For many designers, the thought of bragging about themselves is repugnant. They don’t want to seem arrogant or self-centered, they want their work to speak for itself. Unfortunately, with the rise of the Internet and social media, often times you have to speak on behalf of your work. Recently, we sat down with Danielle Evans on the Obsessed With Design podcast and she gave some of her best advice on how to promote yourself online as a designer without seeming sleazy.
Danielle’s studio, Marmalade Bleue, is nothing like any design studio you’ve ever seen. Her design vehicle of choice isn’t Illustrator or Photoshop. It’s food. As a designer and illustrator, she found her passion for creating typographic art with everything from candy corn to coffee cake. You can follow her on Twitter here.
Here’s Danielle Evans’ advice on self-promotion for designers.
The first and most important lesson to learn about self-promotion is that it doesn’t come naturally to everyone, and that’s okay. In Danielle’s experience, it’s extremely common that the best designers are the worst at promoting themselves.
“You’re either a creator, editor, or marketer. Most people excel at one of those things, are passable at a second, and are dismissive of the third,” Danielle told us.
Instead of trying to be something you’re not, it’s important to focus on your strengths. For Danielle, she realized that she was great at creating, okay at marketing herself, and found editing her own work to be counter-productive. Instead of trying to be something she’s not, she leaned into the type of creative that she is at her core.
This extends beyond self-promotion, into the type of work that you do. For Danielle’s career, the best decision she ever made was focusing on the medium of food. If she went a “safer” or “more conventional” route, she would have missed out on giant opportunities that came to her more naturally.

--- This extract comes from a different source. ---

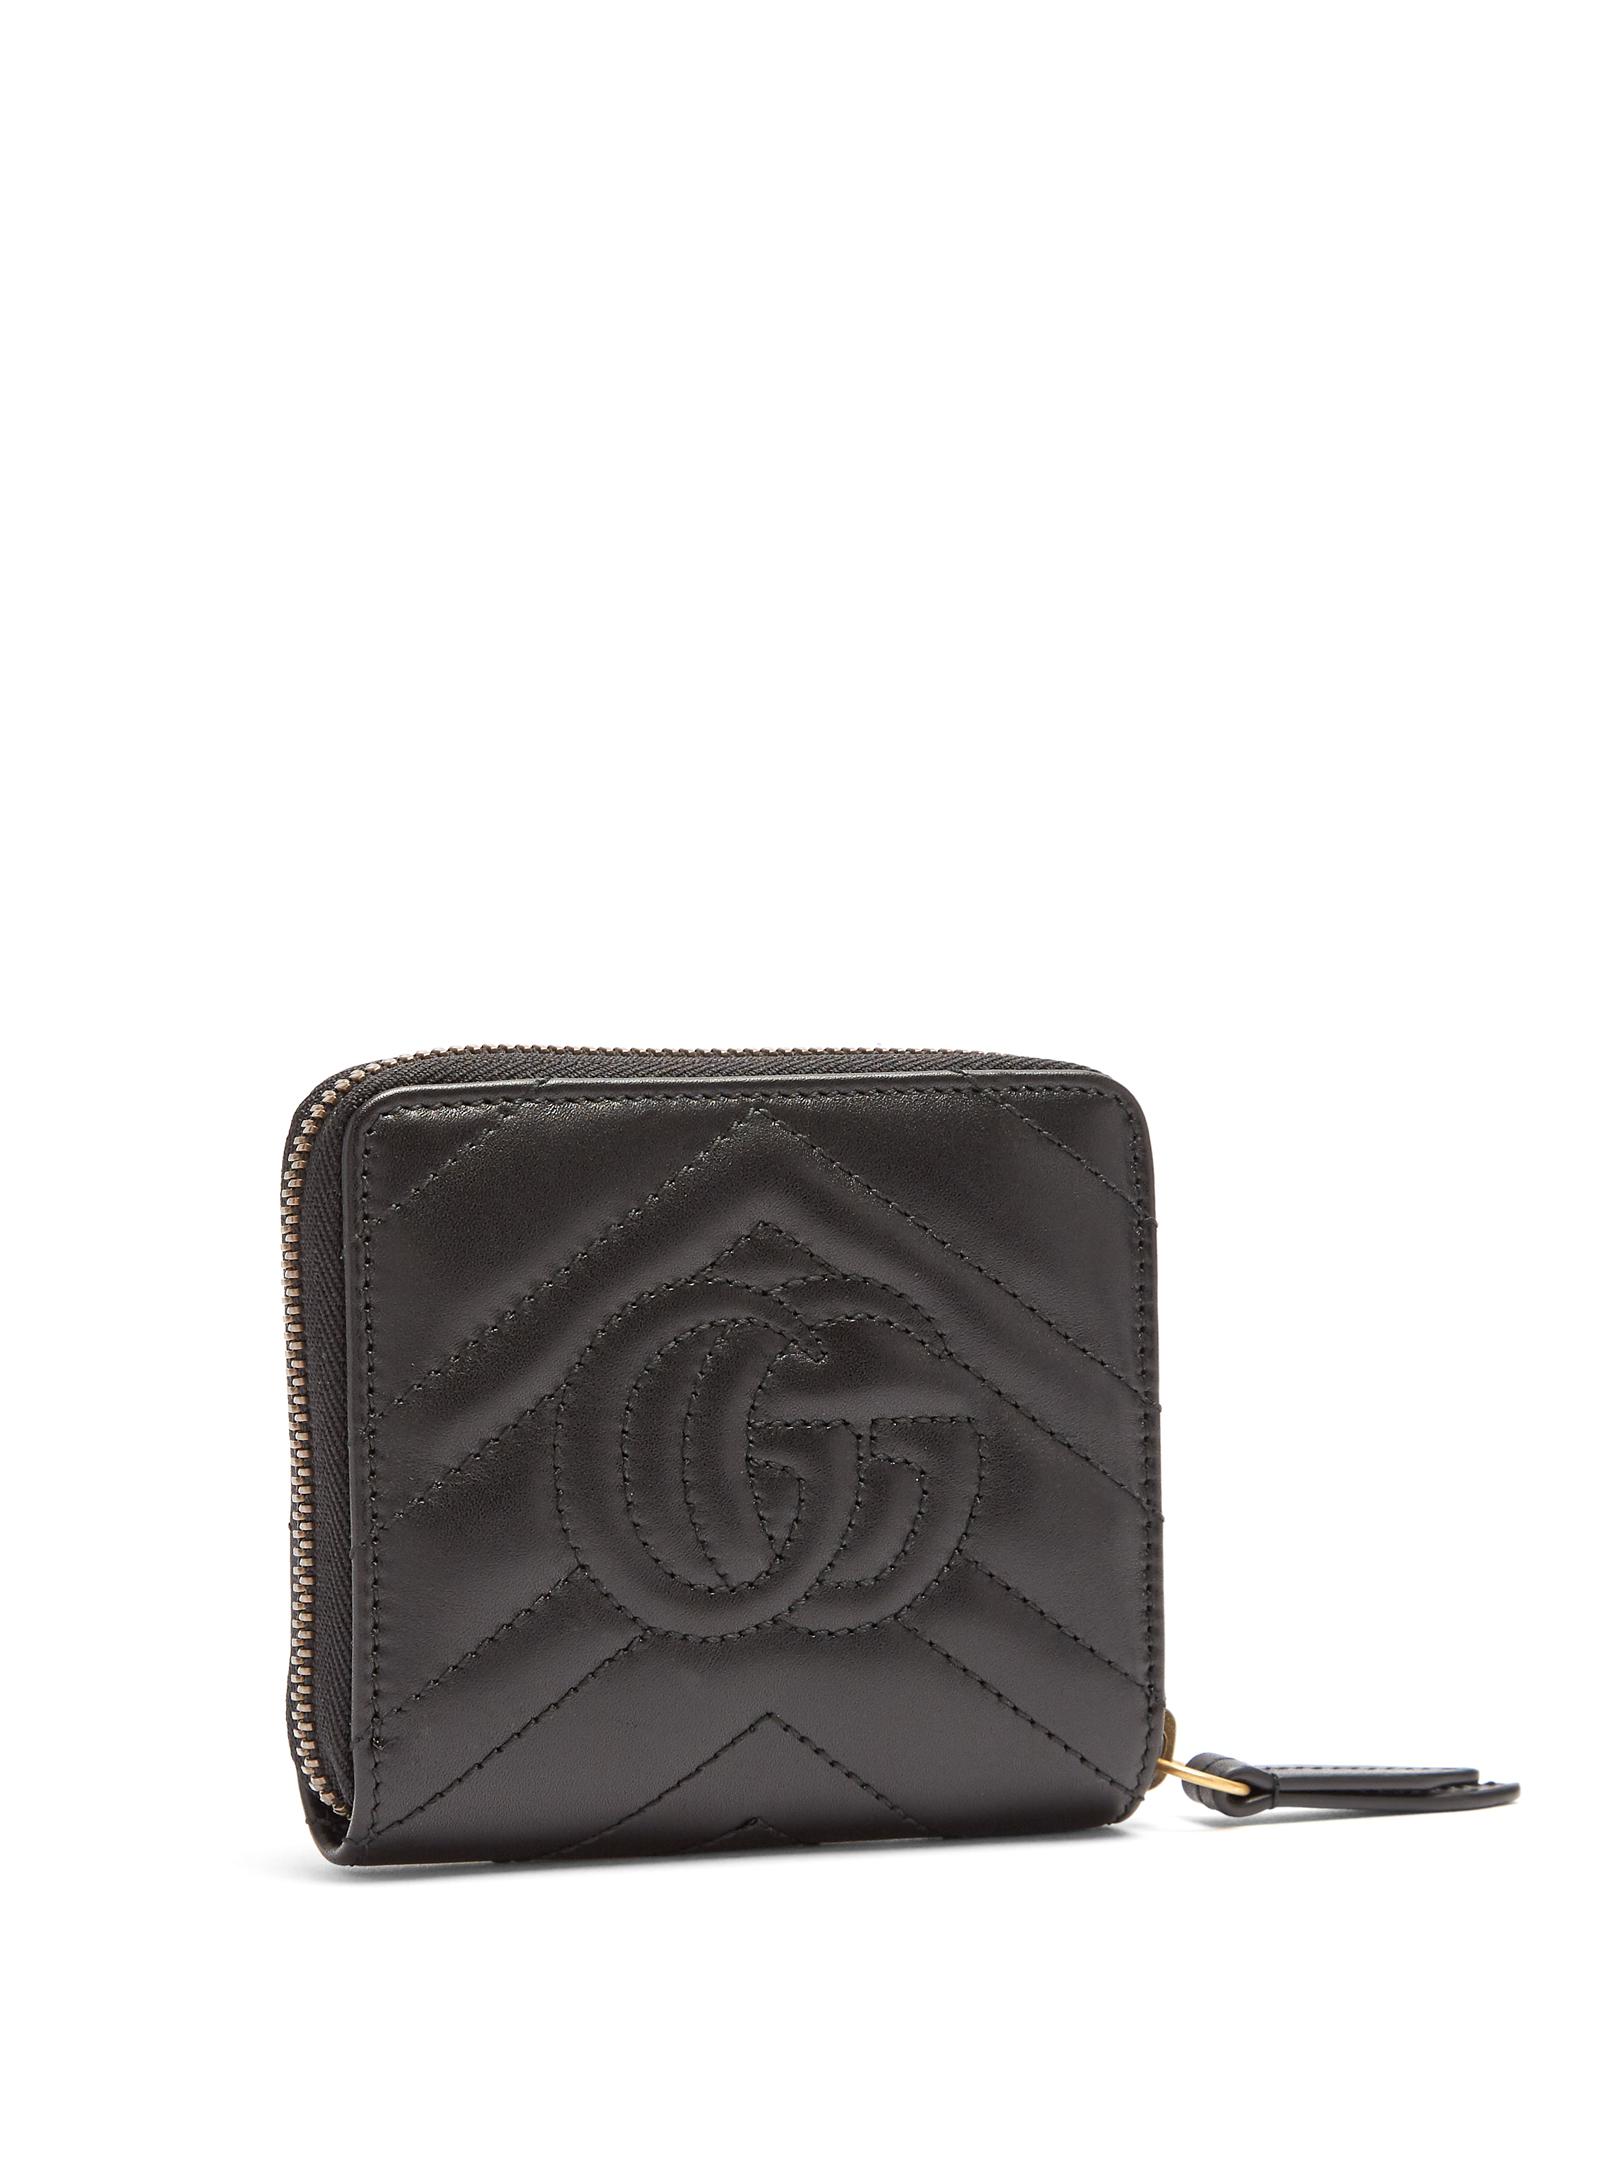 Gucci Gg Marmont Quilted-leather Wallet in Black - Lyst
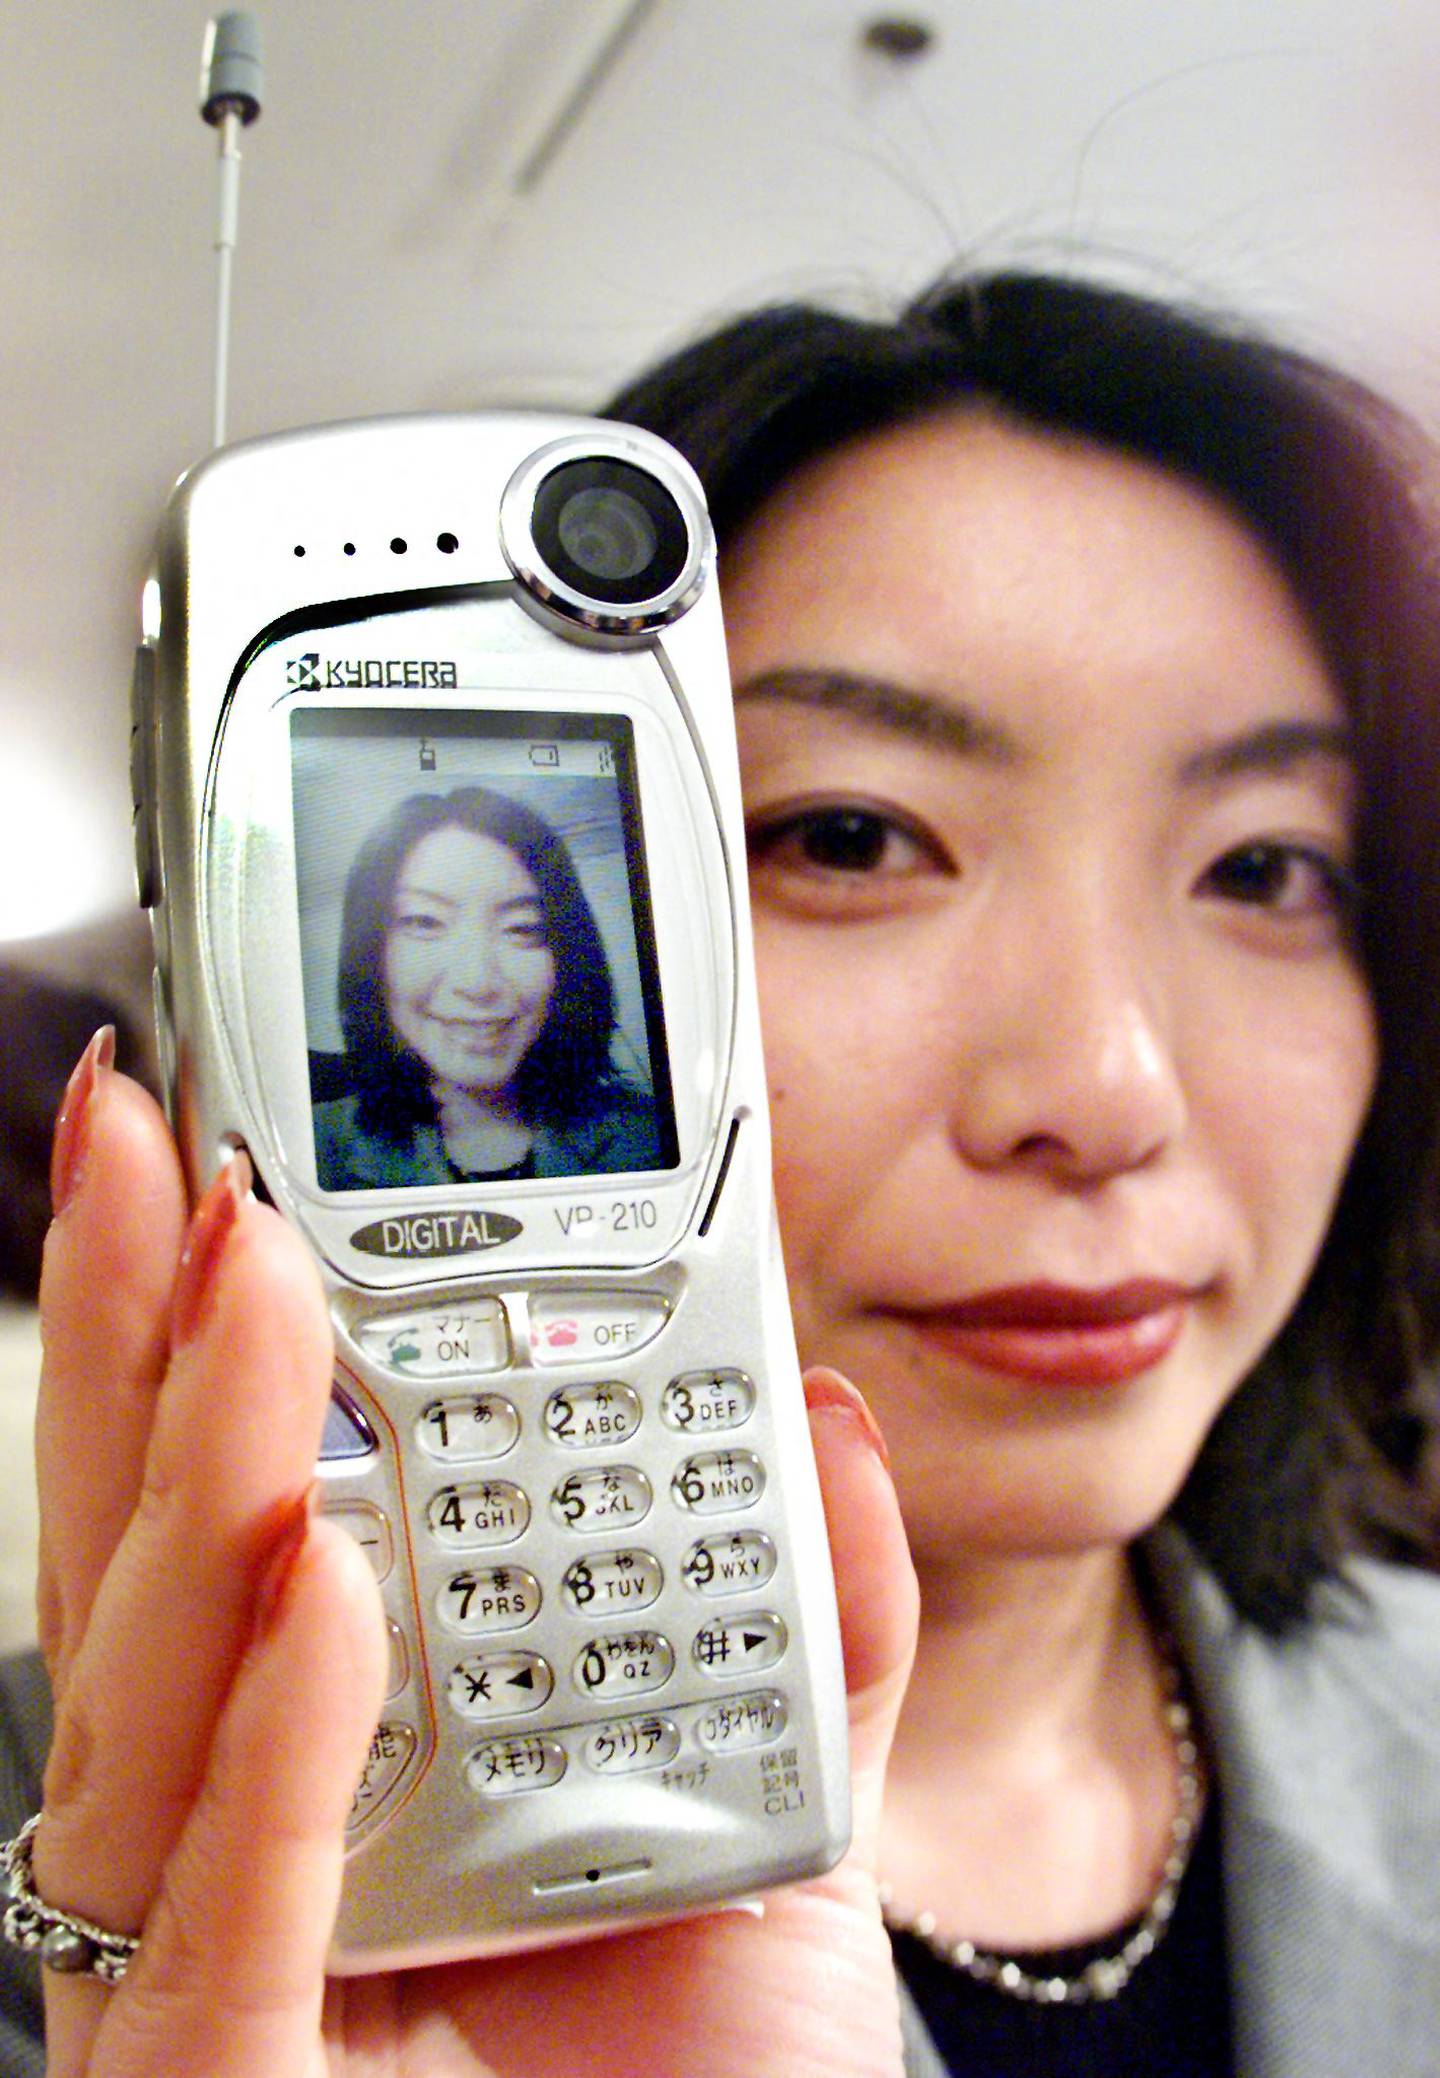 The Kyocera VP-210 had a front camera and can transmit two frames per second over a mobile phone line.  AFP

“I realized I was fighting to be a vector letterer, and that just wasn’t my skill,” she said.
After you’ve identified what type of creative worker you are, it’s time to promote your work. Despite what you may think, this doesn’t have to be sleazy. It is entirely possible to promote yourself over social media without your friends and family rolling their eyes.
“If you treat all of your audiences like they’re special, you’re going to really pursue being understood,” Danielle told us. While this may sound intuitive, it’s extremely common for designer to use the same messaging across all platforms, which is what causes people to get turned off by self-promotion. If you talk to people the same way on Facebook as you do on a platform designed for designers like Dribbble or Behance, it’s likely that both audiences will walk away dissatisfied.
Instead, know your audience and communicate with them in language that makes sense to them. If you’re posting on Dribbble where other designers will view and critique your work, talk about your design process. If you’re posting on Instagram or Facebook, where your friends and family are the majority of your audience, talk about how much fun you had working on a project.
“On Pinterest, people don’t need me to say a ton about what I’ve done, but on Instagram, people are split,” Danielle said. “They either want a little blip or they want a journal entry.” Regardless of what platforms you’re using, communicate the way that audience wants to be communicated with.
Finally, it’s extremely important to give yourself permission to be authentic and enjoy the journey of finding your artistic voice. Early on, Danielle suffered from anxiety when posting her work online.
“I’m comparing myself to extremely well-known people and their skills,” she said. “Once I relaxed into the fact that I wasn’t going to be as good as them, that freed me up.”
Now, Danielle is able to remain much more balanced and focused because she’s not anxious about how people will view her work. She’s not comparing herself to designers with decades more experience. Instead, she’s just focusing on being the best iteration of herself that she can be. This has allowed her to grow and expand her style over time.
“It’s okay to be me. It’s okay to make the mistakes that I like making, because it gives me a style,” she said. “A style is a series of calculated errors.”